Docker seems to be the New Hot Thing these days. It is an application container engine – it lets you pack any Linux software into a self-contained, isolated container image that can be easily distributed and run on different host machines. An image is somewhere in between a well built Omnibus package, and a full-on virtual machine: it’s an LXC container filesystem plus a bit of configuration on top of it (environment variables, default command to run, UID to run it as, TCP/UDP ports to expose, etc). Once you have the image built or downloaded, you can use it to start one or many containers – live environments that actually run the software.

To conserve disk space (and RAM cache), Docker uses AUFS to overlay filesystems. When you start a container from an image, Docker doesn’t copy all the image’s files to the container’s root. It overlays a new read/write directory on top of read-only directory with the image’s filesystem. Any writes the container makes go to its read/write image; all the reads of the unchanged files are actually performed from image’s read-only root. The image’s filesystem root can be shared between all its running containers, and a started container uses only as much space as it has actually written. This conserves not only disk space – when you have multiple containers started from one image, the operating system can use the same memory cache for all of them for the files they share. This also makes the boot of the container pretty much instantaneous, as Docker doesn’t need to copy whole root filesystem.

This idea goes a bit further: the image itself is actually a frozen container. To prepare a new image, you just start a container, run one or more commands to install and prepare the application, and then commit the container as a new image. This means that your new image has only the files that have been added or changed since the image you started it from; and that base image has only files that have changed since its base image, and so on. At the very bottom there’s a base image that has been created from a filesystem archive – the only one that actually contains all of its files. There’s even a cool Dockerfile configuration that lets you describe how to build the application from the base image in one place. And this is where the layering goes a bit too far.

Two versions of the same Docker imageDocker itself is intentionally limited: when you start a container, you’re allowed to run only a single command, and that’s all. Then the container exits, and you can either dispose of it, or commit it as a new image. For running containers, it’s fine – it enforces clean design and separation of concerns. When building images, though, every “RUN” line means a new image is committed, which is a base for the next “RUN” line, and so on. When building any reasonably complex software based only on Dockerfile, we always and up with a whole stack of intermediate images that aren’t useful in any way. In fact, they are harmful, as there seems to be a limit on how many directories can you stack with aufs. It’s reported to be 42 layers, which is not too much considering size of some Dockerfiles floating around.

It seems that flattening existing images is not a simple task. Can we build images in one go, without stacking dozens of them on top of each other? It seems it’s actually quite easy. You just compress all the “RUN” Dockerfile statements into one shell script, and you’re halfway there. If you compress all the “ADD” statements into a single one too, you’re almost there: there’s one image for ADD, and a second one to RUN the setup script. Besides an unnecessary intermediate image being plain ugly, we have another issue: the ADD line often copies a big installer or package into an image, only to have it removed by a RUN line after installation. The user still has to download the intermediate image with the huge package file, only to not see it because child image had it deleted.

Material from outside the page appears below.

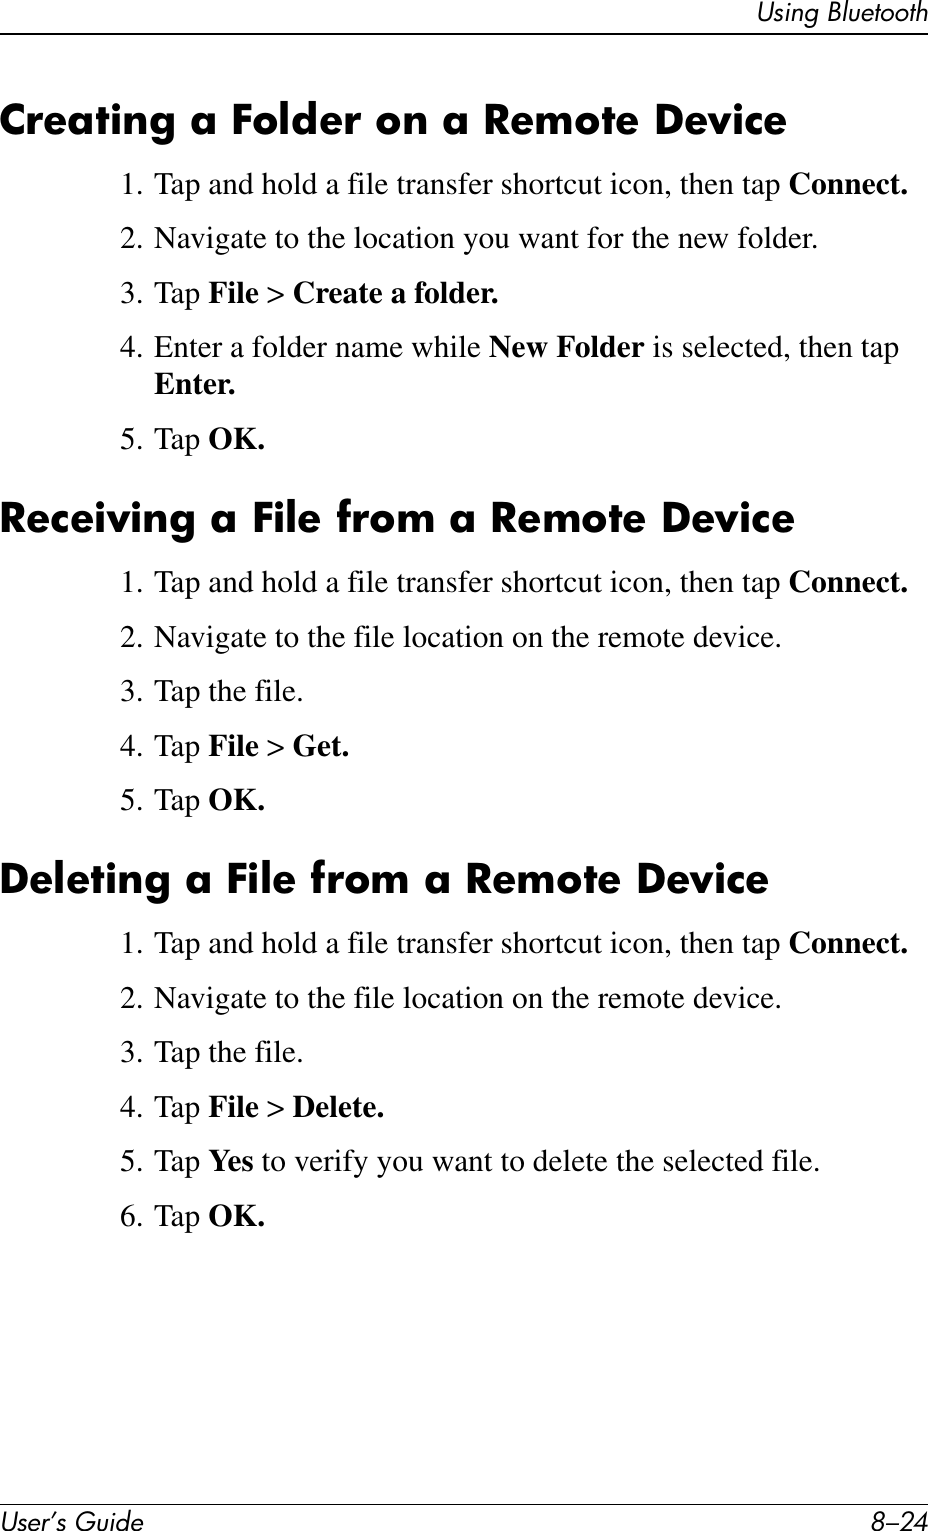 User’s Guide 8–24Using BluetoothCreating a Folder on a Remote Device1. Tap and hold a file transfer shortcut icon, then tap Connect.2. Navigate to the location you want for the new folder.3. Tap File &gt; Create a folder.4. Enter a folder name while New Folder is selected, then tap Enter.5. Tap OK.Receiving a File from a Remote Device1. Tap and hold a file transfer shortcut icon, then tap Connect.2. Navigate to the file location on the remote device.3. Tap the file.4. Tap File &gt; Get.5. Tap OK.Deleting a File from a Remote Device1. Tap and hold a file transfer shortcut icon, then tap Connect.2. Navigate to the file location on the remote device.3. Tap the file.4. Tap File &gt; Delete.5. Tap Ye s  to verify you want to delete the selected file.6. Tap OK.

It turns out we can use shared volumes instead of the ADD statement. If we use docker run + docker commit manually rather than docker build with a Dockerfile, we can download all the installers on the builder host, expose it to the container as a shared volume, and then commit the container into an image in a single pass.

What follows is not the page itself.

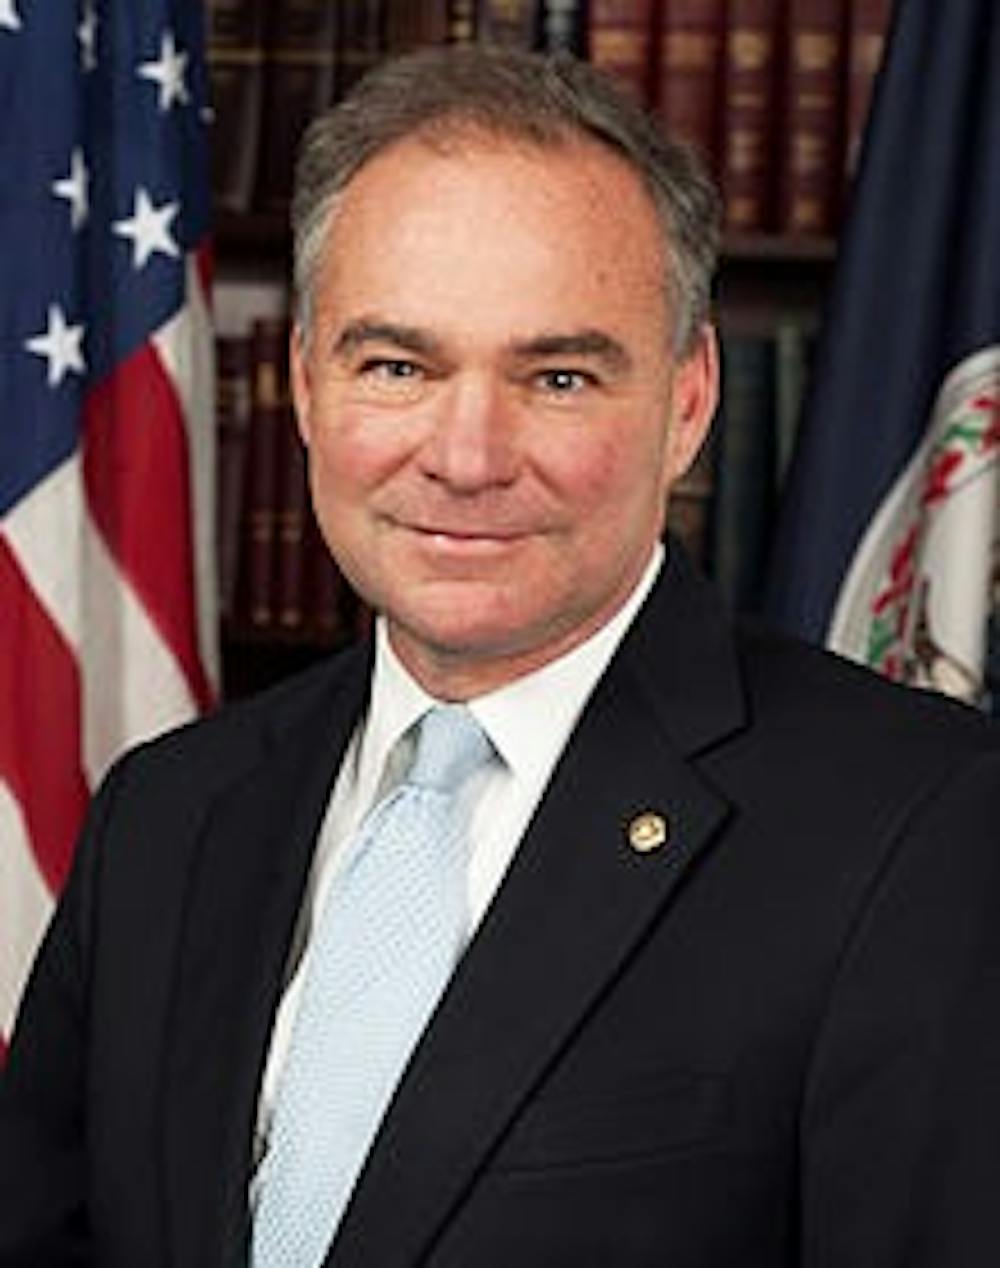 <p>If Clinton is elected president, McAuliffe would appoint someone to fill Kaine's seat until a special election could be held in 2017.&nbsp;</p>

It’s possible to just write a shell script which does all of that manually. But the Dockerfile format is quite comfortable to use, and there’s quite a few container definitions already available that we wouldn’t be able to reuse. And it’s completely feasible to just read the Dockerfile syntax by a script that would execute it as a one-pass single-layer build:

  • Compose a single dict out of metadata commands, such as MAINTAINER, CMD, or ENTRYPOINT
  • For each RUN command, add a line to a setup shell script in a shared directory
  • For each ADD command, copy the data inside the shared directory, and add a line to the setup script that copies it to its final location
  • Build image in one pass, with a single docker run -v $shared_dir:/.data $from /.data/setup.sh, and if it’s successful, commit the image with a single docker commit using the metadata gathered earlier.

As it turns out, 125 lines of Perl is all it takes. The docker-compile.pl script is in the Gist below, and in the image to the right you can see inheritance diagram of the lopter/collectd-graphite image in two versions: on the right is the original, created by docker build; on the left is one created with docker-compile.pl. The flat one takes 299 MB; the combined ancestry of the original is almost 600MB.

All the script needs is Perl and JSON CPAN module (on Debian or Ubuntu, you can install it with sudo apt-get install libjson-perl). I hope the idea will prove useful – if there’s demand, I can take this proof of concept, polish it, document, and set up a proper GitHub repo with issue tracking and all. Happy hacking!